Staff Reports • Mar 2, 2017 at 8:00 AM

AN INTRODUCTION TO BUYING A USED CAR  Purchasing a new vehicle is often an exciting experience, especially since buying a car is usually the second largest acquisition one will make in a lifetime, next to buying a house. You can choose exactly what you want, the car is readily available, the warranty is fresh, and obviously the car is new and free of problems. These are all reasonable points, but the option of buying used has many benefits. 

Quite obviously, most consumers top for used cars for financial reasons. Simply put, the price of a used car may be 50 percent less than the latest model even if the used model is fairly recent.
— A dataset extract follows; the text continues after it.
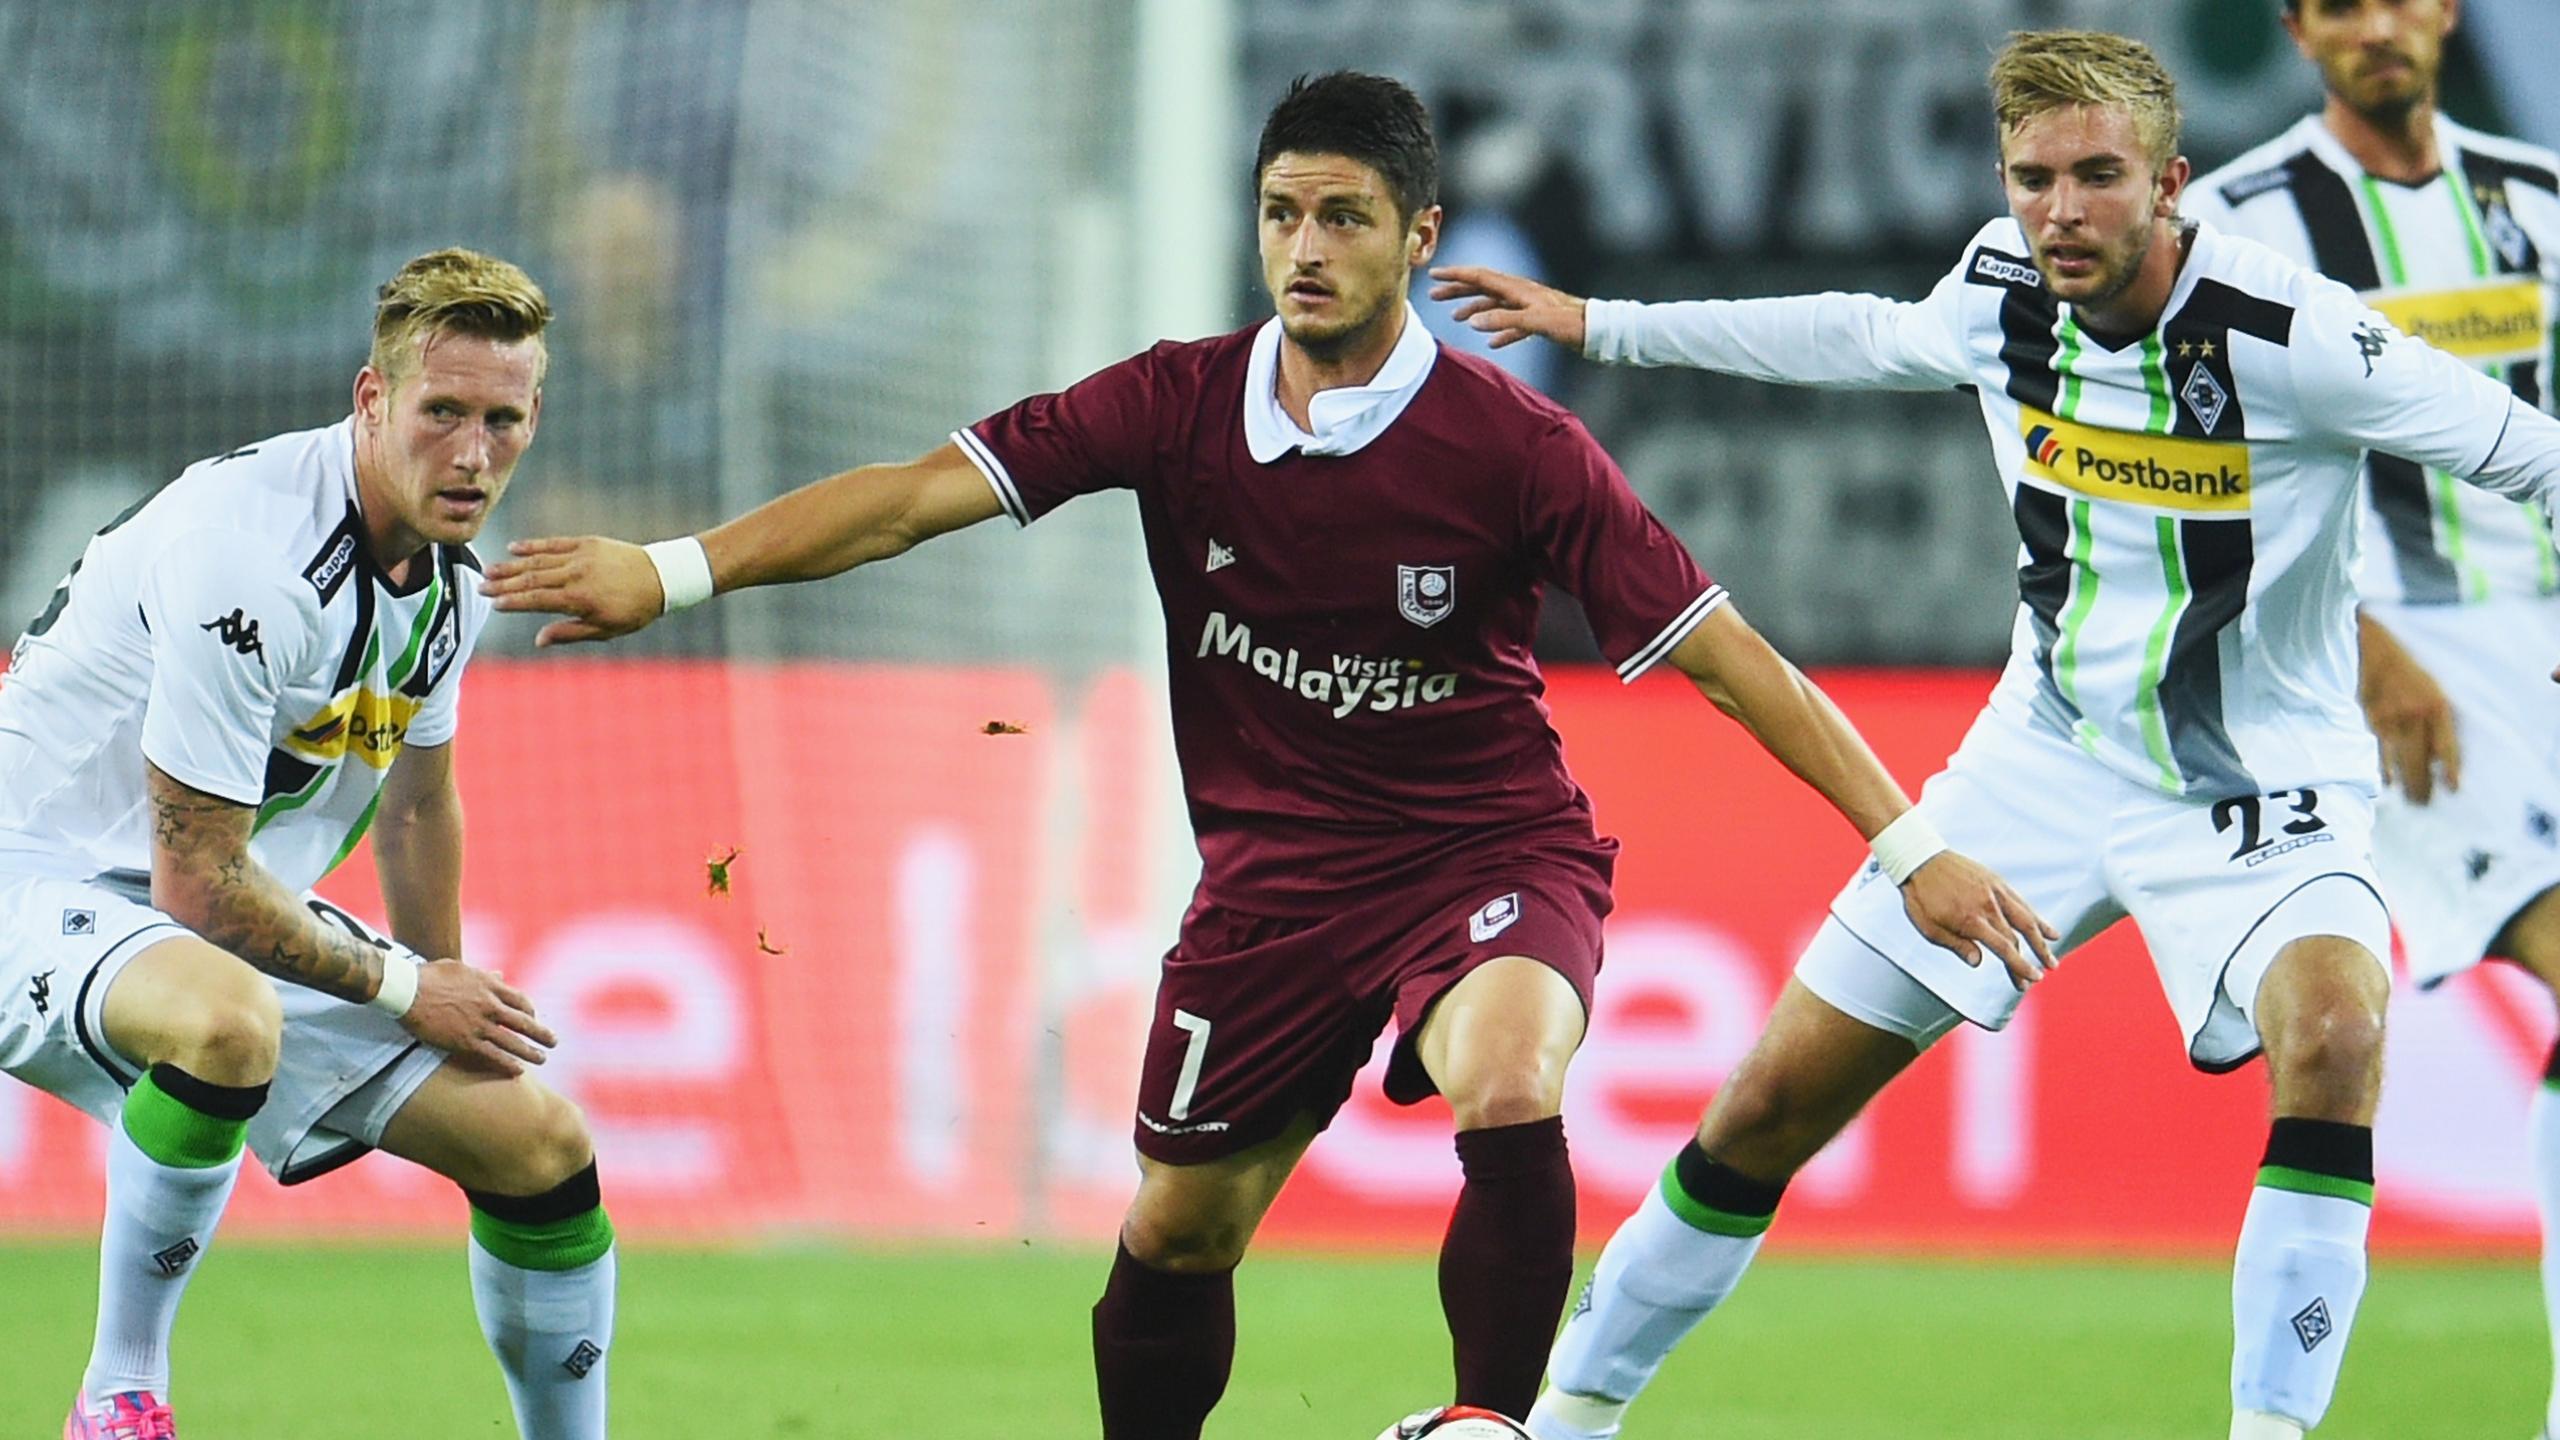 Video: Borussia M gladbach vs Sarajevo

Depreciation is the factor behind these savings, as the new vehicle drops in value the moment it is driven off the dealer’s lot. In fact, during the first year alone a car will depreciate at least 20 percent, and will continue to drop in decreasing increments every year thereafter.

The prospective used car buyer can take advantage of a vehicle that is only a few years old, but is mechanically and physically sound, still looks terrific, and has a great price tag. With the incredible savings, you can get practically the same vehicle as the latest model and save money, or a higher end model that one could normally not afford can be purchased for much less.
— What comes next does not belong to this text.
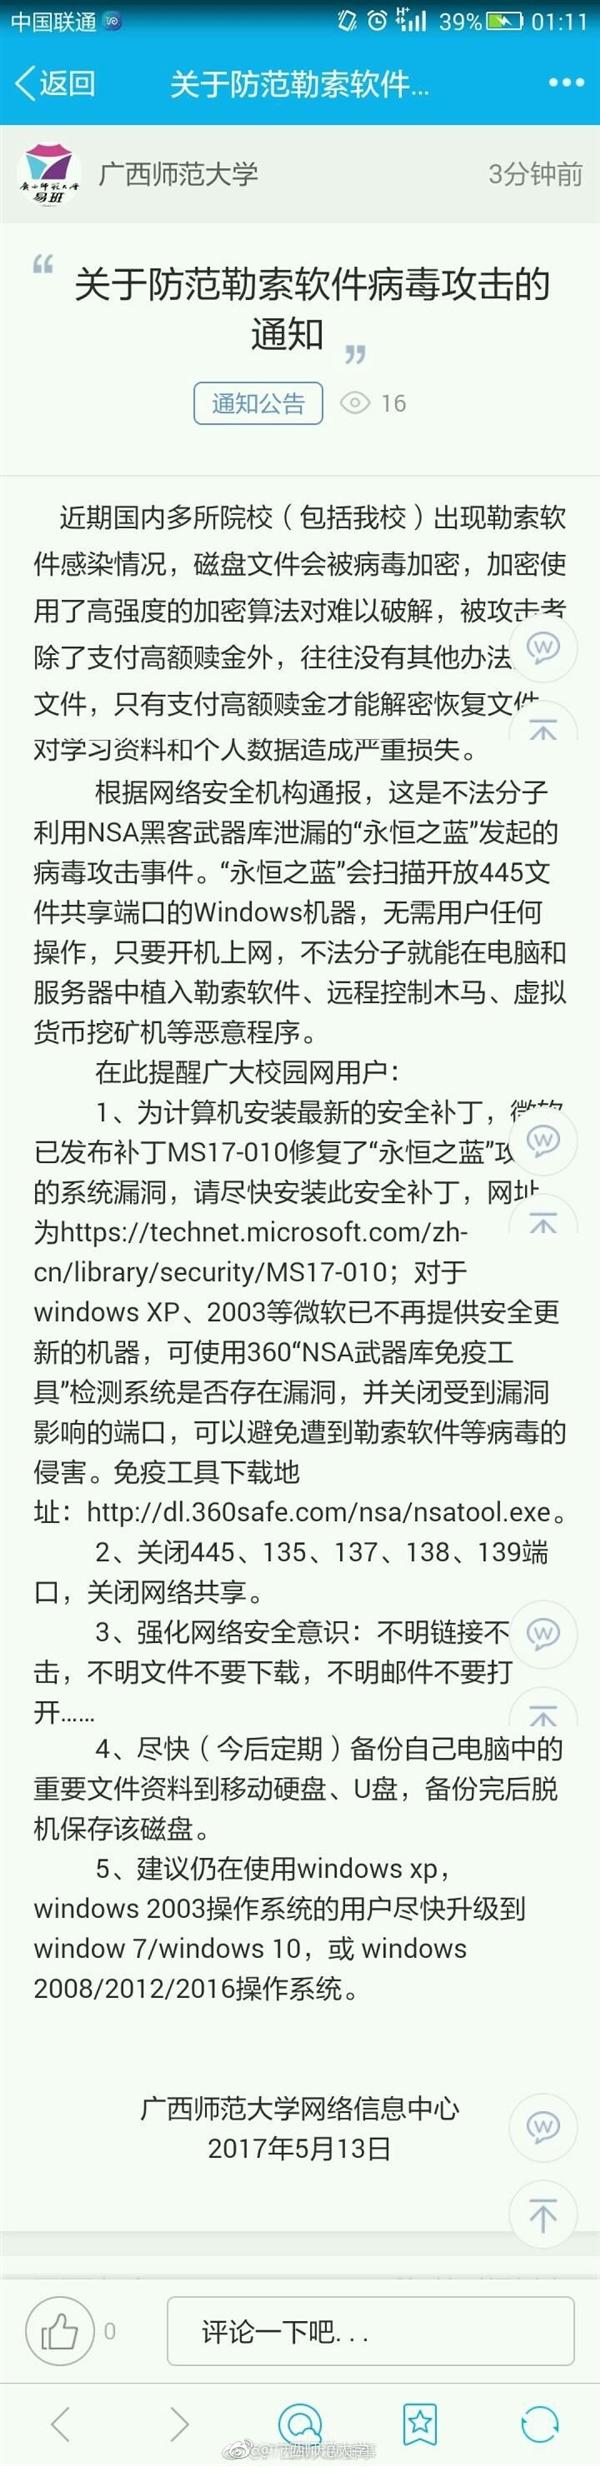 这个Windows恶意软件坑惨中国学生!微软再次出手

The latter scenario can often buy a vehicle with more performance, safety, and luxury features that you might need, but would be our of reach if purchased new.
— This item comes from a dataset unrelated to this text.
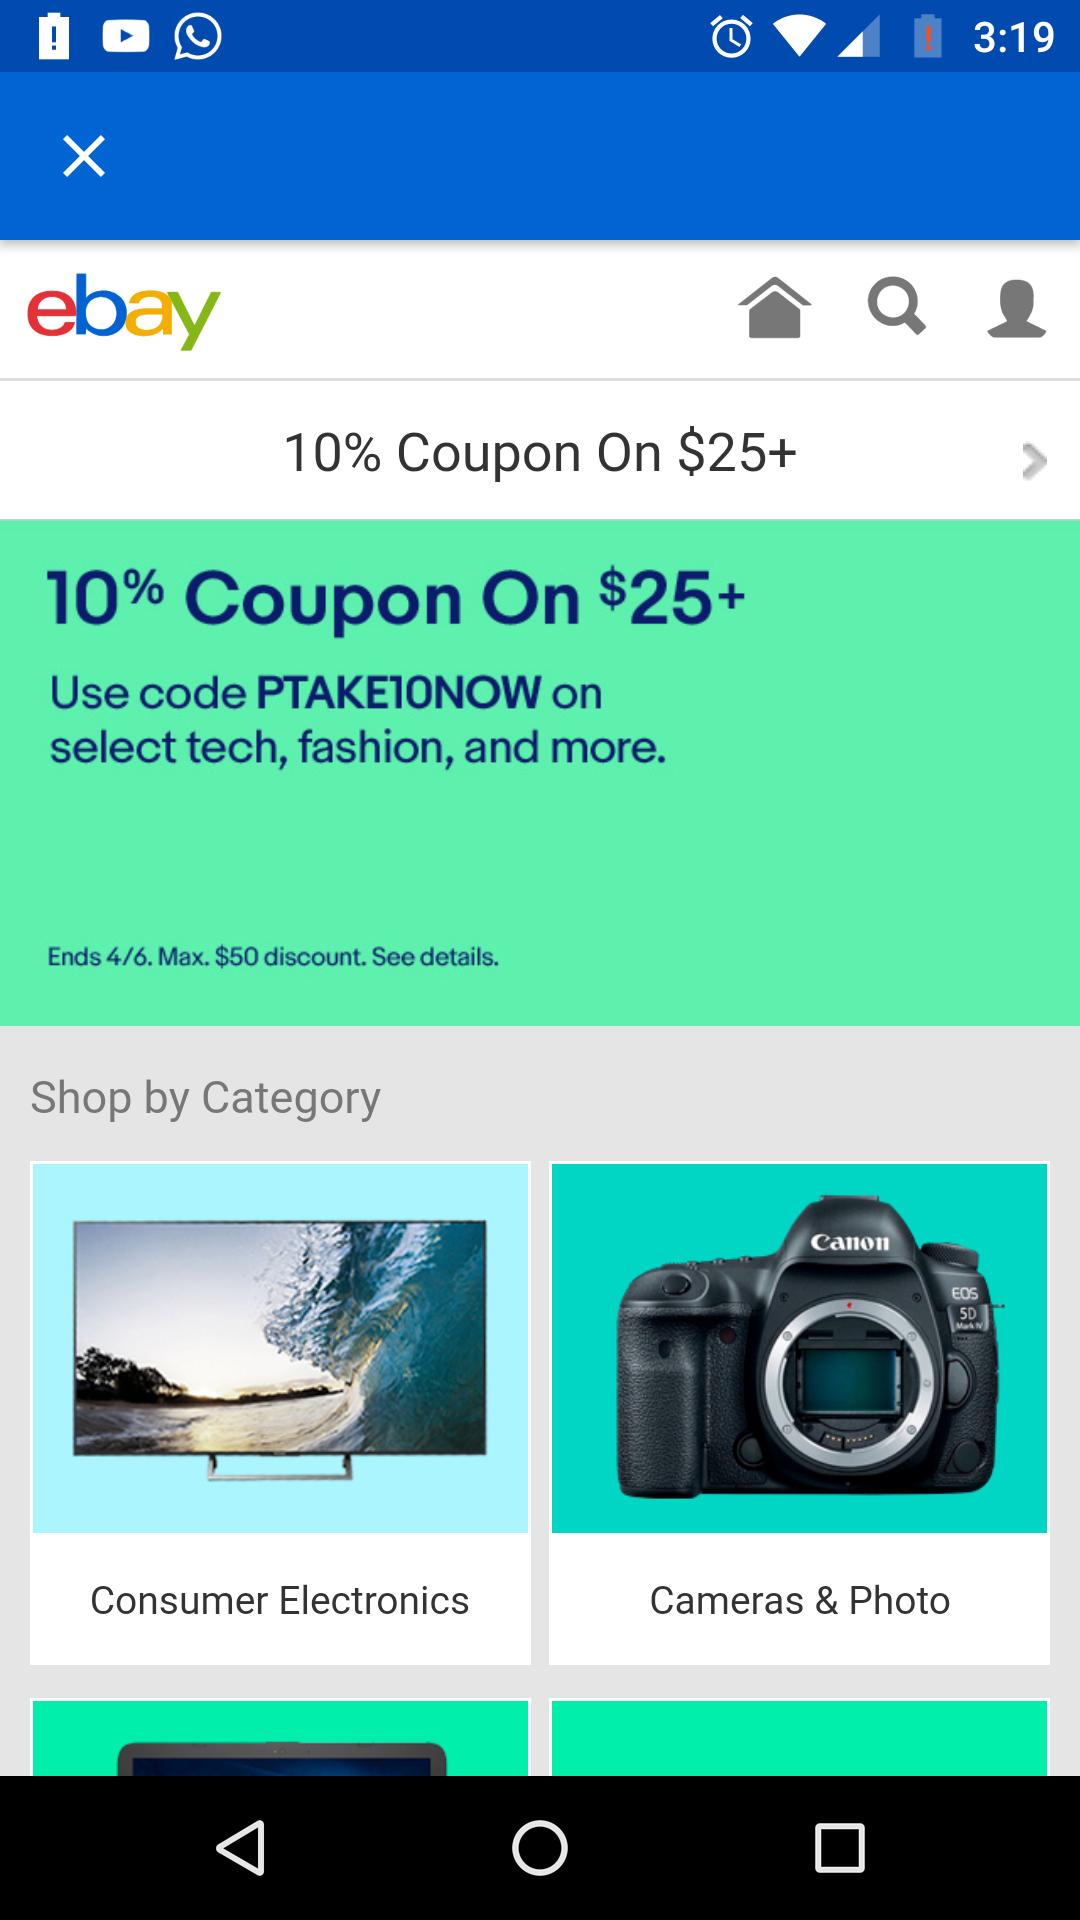 ebay: 10% descuento en compras mayores $25usd con Vendedores seleccionados

Buying a used car through a dealer has become less of a challenge, although consumers should still educate themselves and arrive at the dealership armed with information. The used car you have in mind should be researched online for consumer reports, manufacturer recalls and blue book price.

Online services such as www.danwachtel.com will provide quick and easy quotes on vehicles so that you do not overpay for a used vehicle. Other web sites such as “CarFax Lemon Check” will provide the vehicle history by running the Vehicle Identification Number (VIN) through a check.

Using these resources and comparing the information gathered to local dealer web sites and used vehicle publications will give you a solid basis for making a reasonable and educated offer on a used vehicle. These guidelines also apply to private sales, although you should be aware that most of these vehicles are sold as is and the sale is final. Again, online research will reveal the vehicle’s history. 

With the progress being made at the dealership level with used vehicles, buying a “nearly new” car has become a practical option. Combined with the numerous reputable online services providing insider information much of the uncertainty traditionally associated with used cars has been eliminated. With patience and thorough research, you can avoid paying too much and will leave a dealer or private sale with an excellent vehicle. Whether you buy a used car from a dealer, a co-worker, or a neighbor, follow these tips to learn as much as you can about the car: • Examine the car yourself using an inspection list. You can find a checklist in many of the magazine articles, books and internet sites that deal with buying a used car. • Talk to the previous owner if possible, especially if the present owner is unfamiliar with the car’s history.


1. Check out the car’s repair record, maintenance costs, and safety and mileage ratings in consumer magazines or on line.

2. Develop a professional relationship with a dealer in your area. Dealers are very accomadating to regular customers.

3. Buying from a dealer? Look for the Buyers Guide. It’s required by a federal regulated called the Used Car Rule.

4. Make sure all oral promises are written into the Buyers Guide.

5. You have the right to see a copy of the dealer’s warranty before you buy. Warranties are included in the price of the products; service contracts cost extra and are sold separately.

6. Ask for the car’s maintenance record from the owner, dealer, or repair shop.

7. Test drive the car on hills, highways, and in stop and go traffic.

8. Have the car inspected by a mechanic you hire.

9. Keep in mind the reputation of the dealership for honest and integrity whenever looking at new or used vehicles.

10. If you buy a car “as is”, you’ll have to pay for anything that goes wrong after the sale. The Used Car Rule is generally doesn’t apply to private sales.


1. Decide what type of vehicle meets your needs.

2. Locate a used car from a local dealer’s classified ads. This will provide you with available vehicles and prices in your area.

3. You may want to run a Carfax Record Check on the car. Before you buy, simply type in the VIN into their form and you will see if it has been stolen, in an accident, had the speedometer tampered with, number of owners, etc. This step can save you thousands of dollars. Visit Carfax.com for details.

4. Figure out your auto insurance costs up front. Don’t wait until the last minute to find out that insurance costs are too high. Once you have an idea of what you want you can get an insurance quote from your agent.

5. Protect your vehicle with an extended warranty (Service Contract) It makes good sense! An extended warranty protects you from mechanical breakdowns that can cost you an arm and a leg. It is one of the few insurance policies where you may get your money’s worth.